И мы сразу подружились.
На съезде мы случайно наткнулись на Юрия Кузнецова. (Господи, как это было давно, целая вечность минула…) Александр Плетнёв, прекрасный русский прозаик крестьянского высева, только что вылез из шахты и поклонился Москве; высокий, с покатыми плечами навальщика угля, бугрятся от мышц тесные рукава пиджака, чёрная кудря на голове обрамляет смуглую плешку, глаза — блестящий антрацит, с плутовской весёлой ухмылкой картёжного кидалы. Юрий Кузнецов — похож на Блока поставом головы, он в начищенных штиблетах, при галстуке, рослый, сановитый, взгляд снисходительный такой, принахмуренный; стоит мужик, покачиваясь, наверное, любуясь собою, вроде бы и с Плетнёвым ведёт разговор, а замороженные глаза уставлены внутрь. Я маюсь в кресле, пень-пеньком, лишний в компании, но и покинуть неловко, будто кто за руку держит. Кузнецов вскользь, небрежно на меня взглянул, как на пустое место, не кивнул головою, ни слова ни полслова ко мне, хоть бы просто так, из вежливости, ведь видел, стервец, мою фотографию в журнале рядом со своею. Это меня несколько смутило и огорчило, потому что я был Кузнецовым очарован; это редкое чувство поклонения не оставляет меня и поныне.

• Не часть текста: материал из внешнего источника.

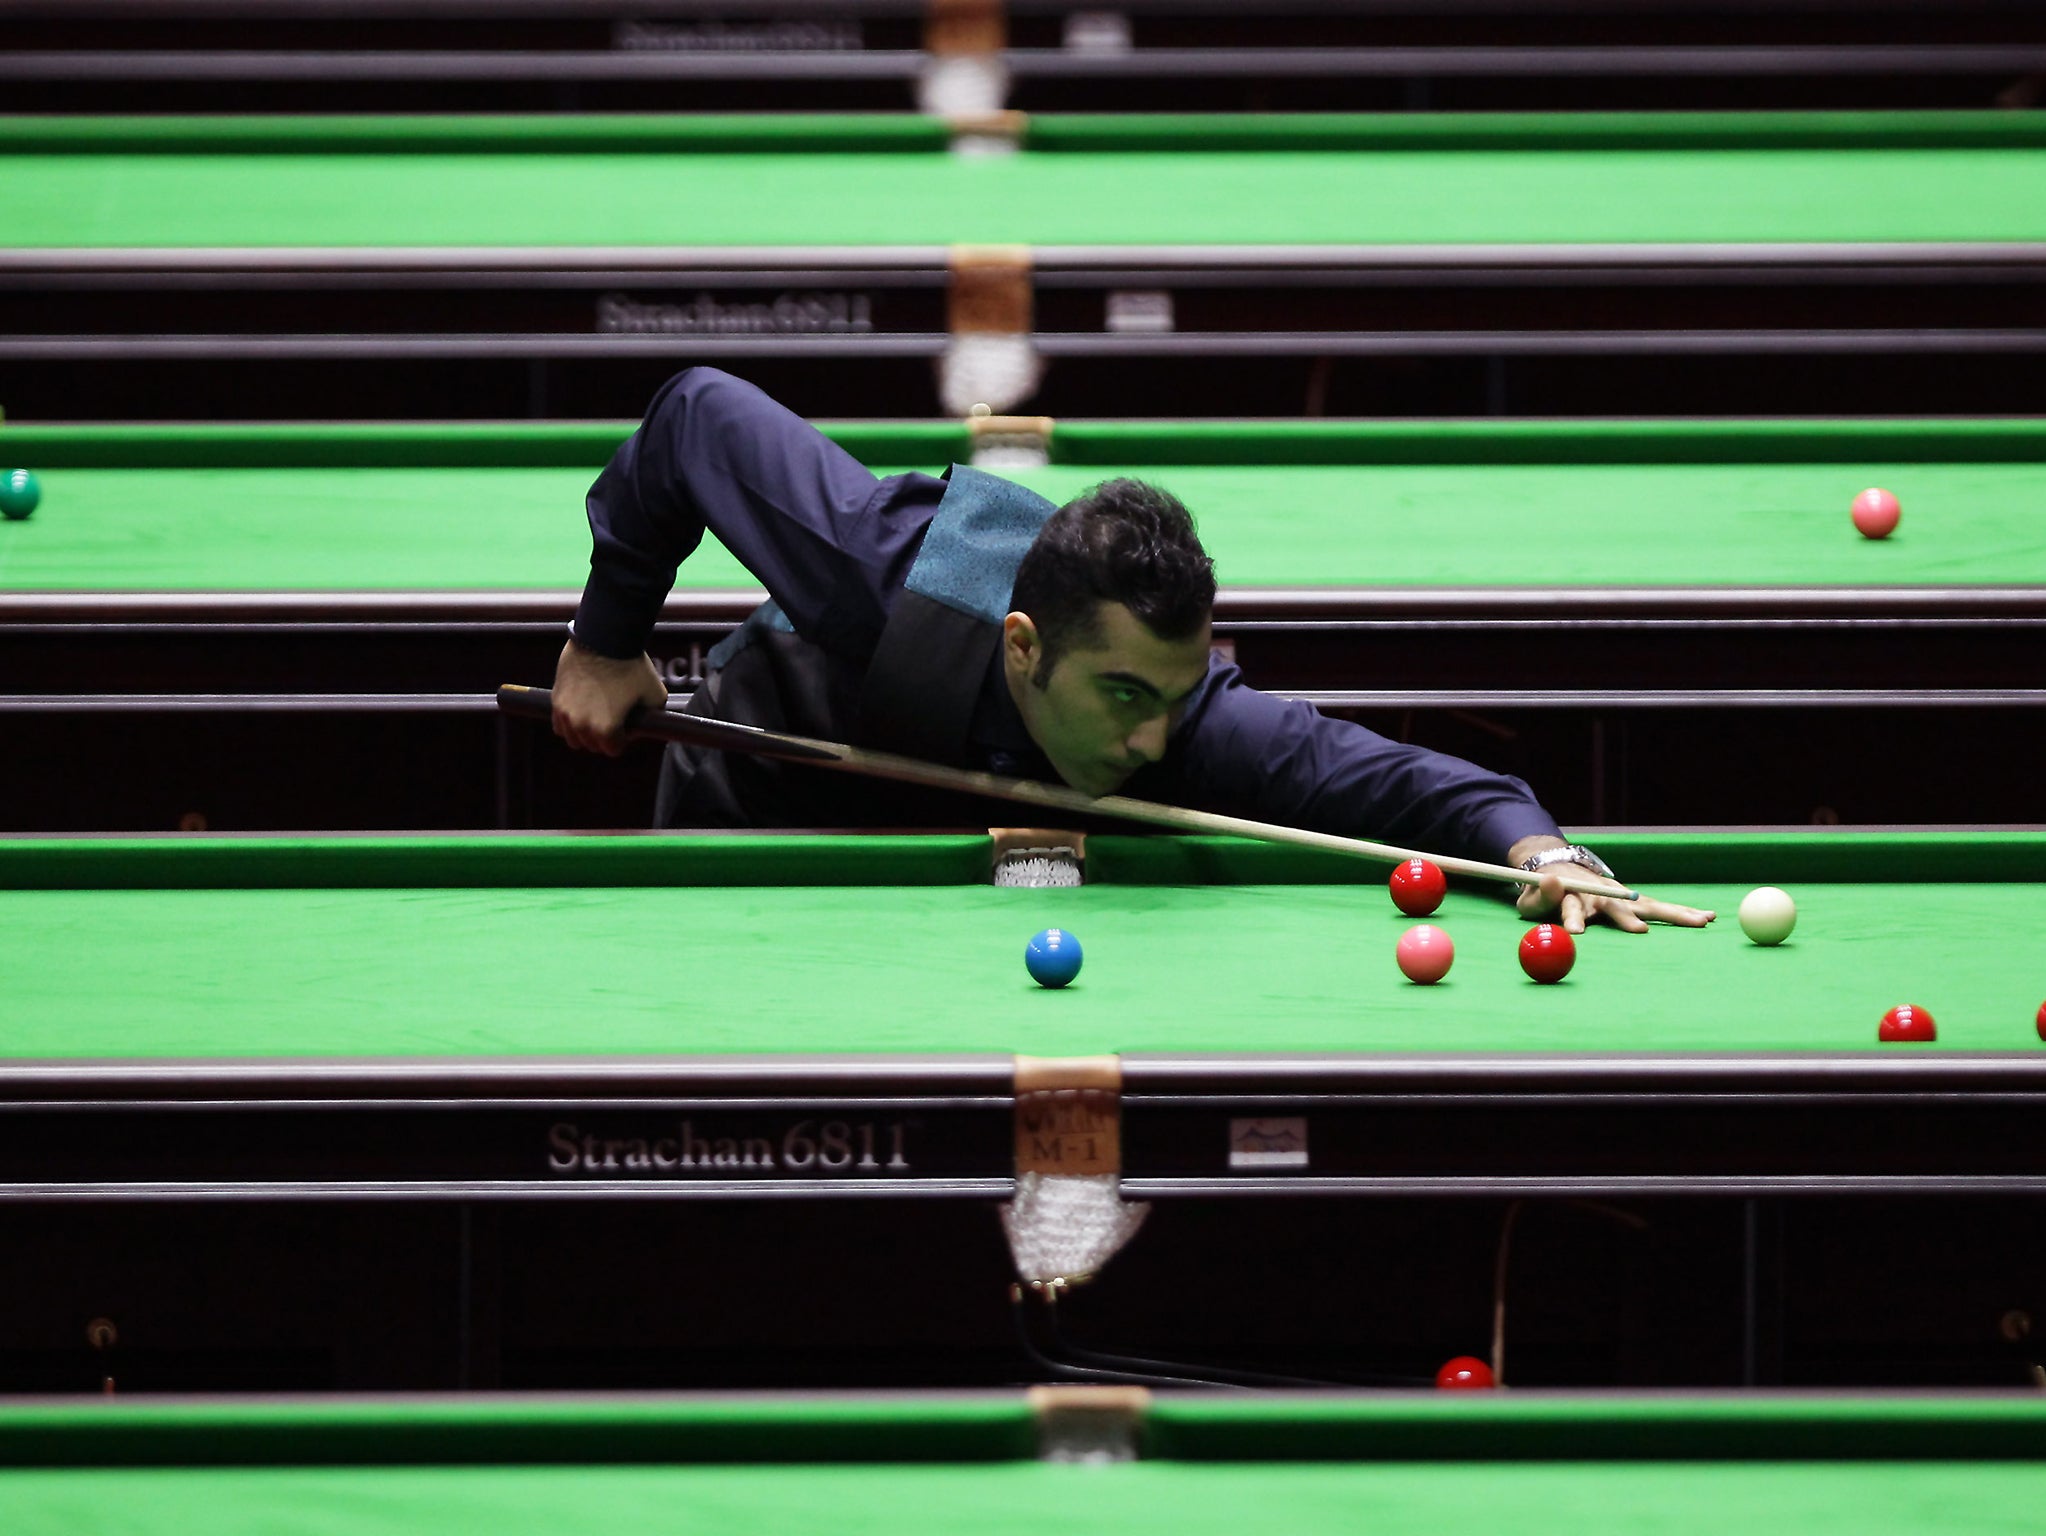 Meet Hossein Vafaei The Miracle Kid who became the first Iranian professional in the history of snooker The Independent The Independent

Позднее сошлись вроде бы поближе, но оставались на расстоянии. Мы — дети войны; невольно обнаружилась некоторая схожесть детских впечатлений. Похоронный треугольник невольно связывал нас в некое братство своего времени; за нами молодежь народилась уже иная, не испытавшая раннего голода и трагизма жизни. Судя по стихам, Юрий Кузнецов был уязвлен сиротством, гибель отца наложила отпечаток на характер. Он постоянно вспоминает войну, но вспоминает с торжеством победителя и мужеством воина. Отсюда, быть может, некоторая нелюдимость и скрытность: некому было прикрыть грудью и приходилось защищаться самому. Отсюда одиночество, ветер, бездна, откуда не возвращаются; бездна, в которой борются стихии, куда отчего-то манит, до жути в груди, до сердечных спазм. "Шёл отец невредим", — и вдруг бездна, лишь клуб страшного вихря в лицо из тёмной сосредоточенной в себе глубины, где таится иная, недоступная пониманию жизнь. Сколько счастия ожидалось с возвращением отца, — и вдруг пустота. "Отец!.. Ты не принёс нам счастья!" — жестоко восклицает отрок. Утрата долго казалась невосполнимой, эту брешь мог заполнить лишь живой отец и больше никто. И с другой стороны, — размышляет позднее Кузнецов, — ну, предположим, вернулся бы отец с войны, и что? Стал бы я благополучным генеральским сынком, и поэтический родничок, открывшийся из тайных недр, скорее всего замутился бы, иль заилился и иссякнул… Гибель отца — детское горе, которое позднее потухает и погружается в забвение; но гибель отца — и благое страдание, из которого проклюнулся поэт.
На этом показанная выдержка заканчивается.